Problem details. Keep every word of the listing and reproduce it exactly, but set aside any image found there.

Supplied material.
== Segment start ==

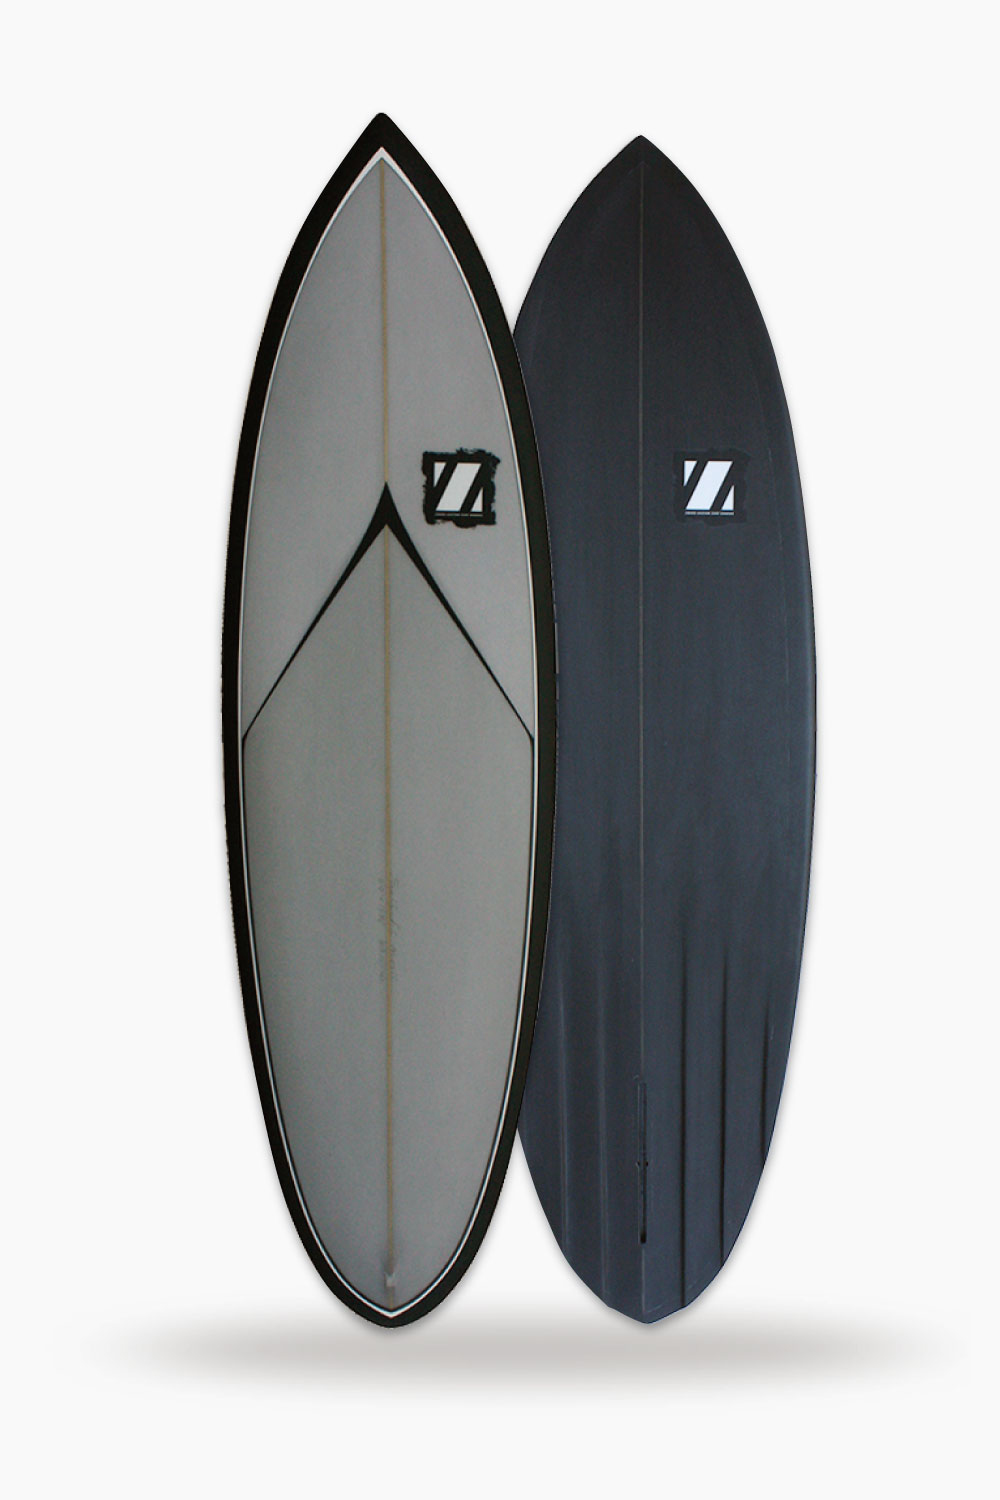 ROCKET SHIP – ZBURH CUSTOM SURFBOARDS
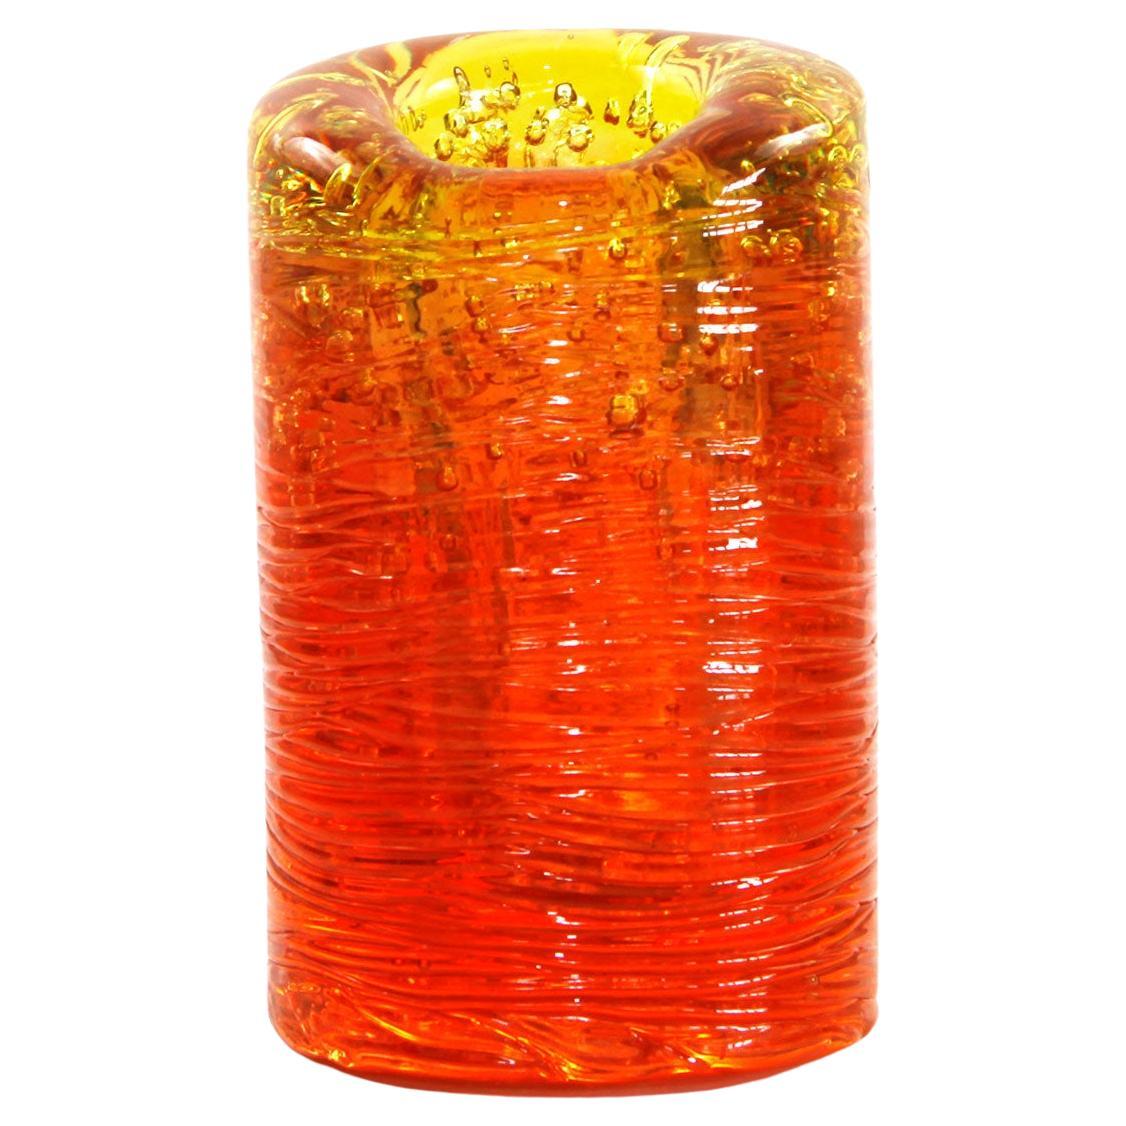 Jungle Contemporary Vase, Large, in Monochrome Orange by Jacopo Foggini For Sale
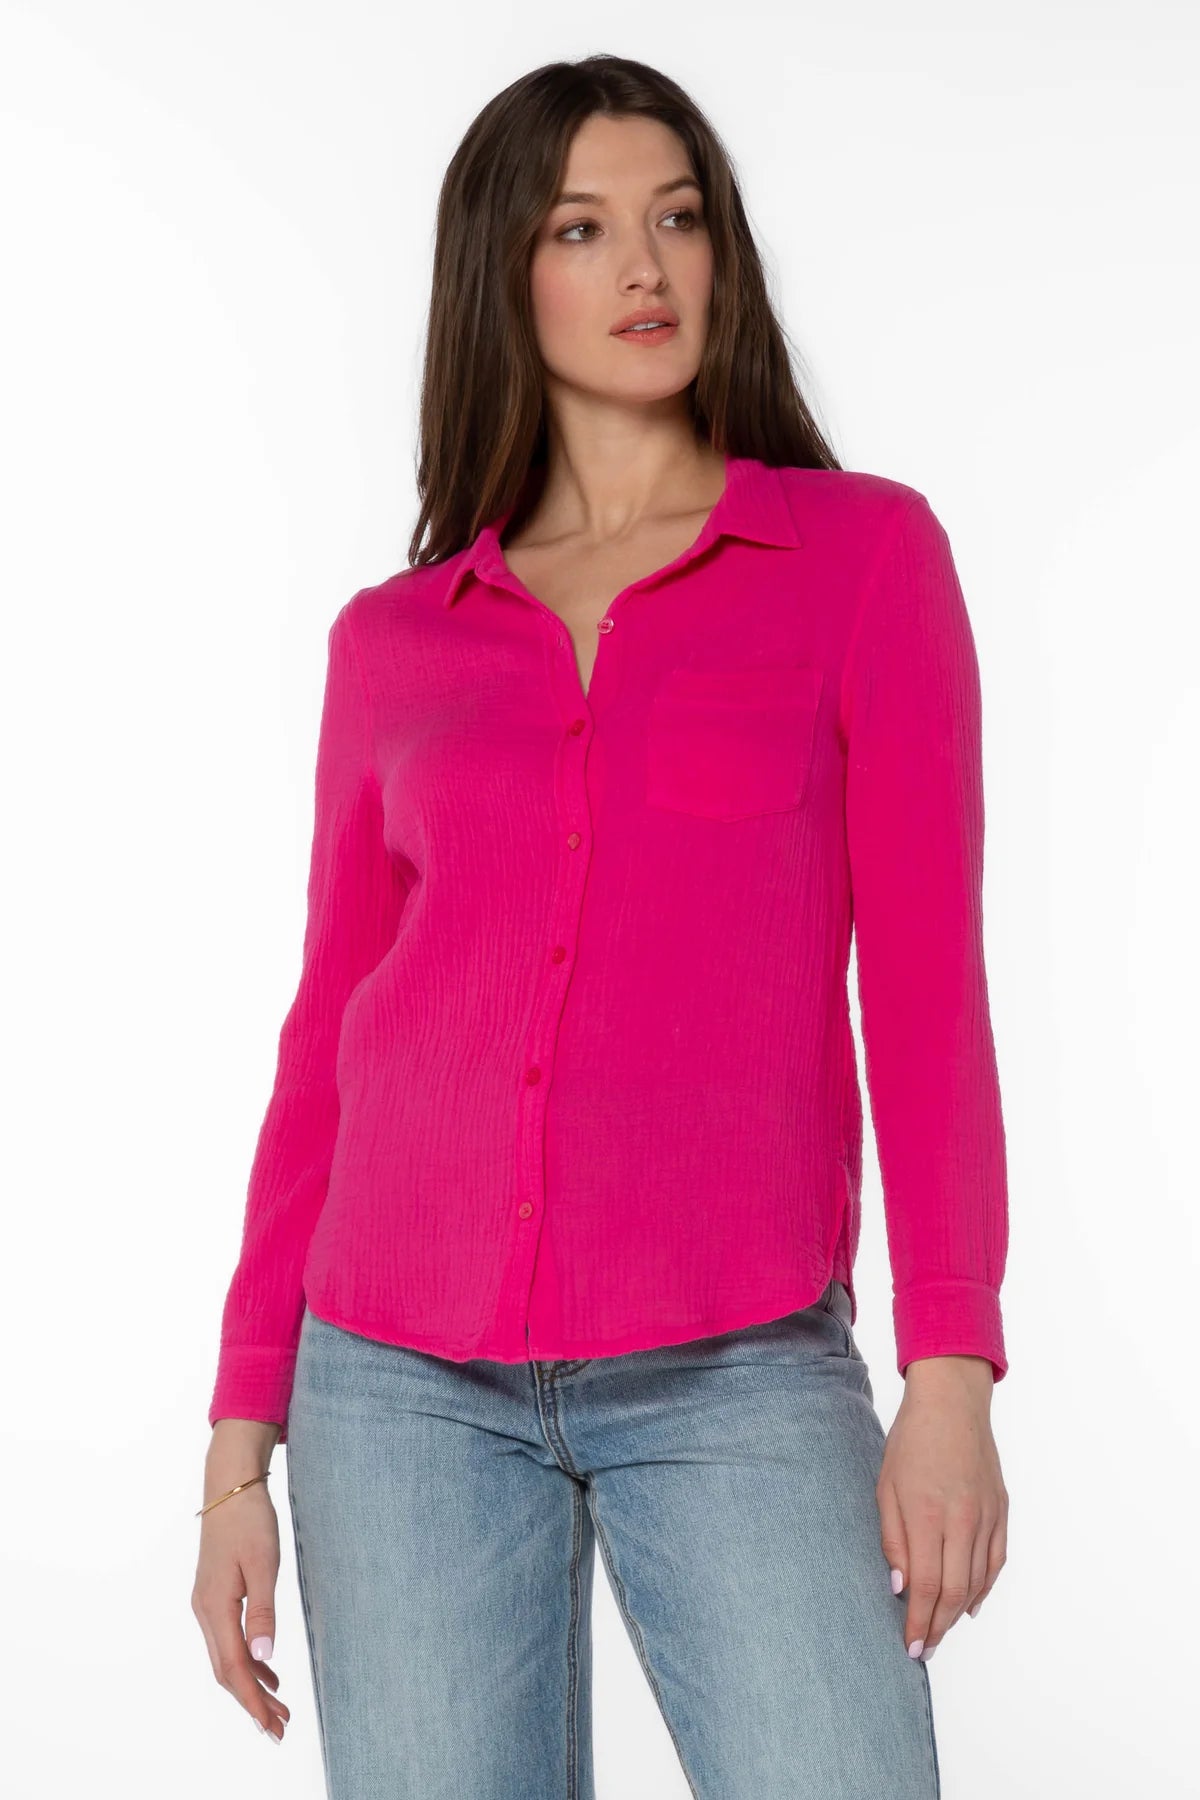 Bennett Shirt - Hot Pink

== Segment end ==

Output of the task.
 ROCKET SHIP – ZBURH CUSTOM SURFBOARDS
 Jungle Contemporary Vase, Large, in Monochrome Orange by Jacopo Foggini For Sale
 Bennett Shirt - Hot Pink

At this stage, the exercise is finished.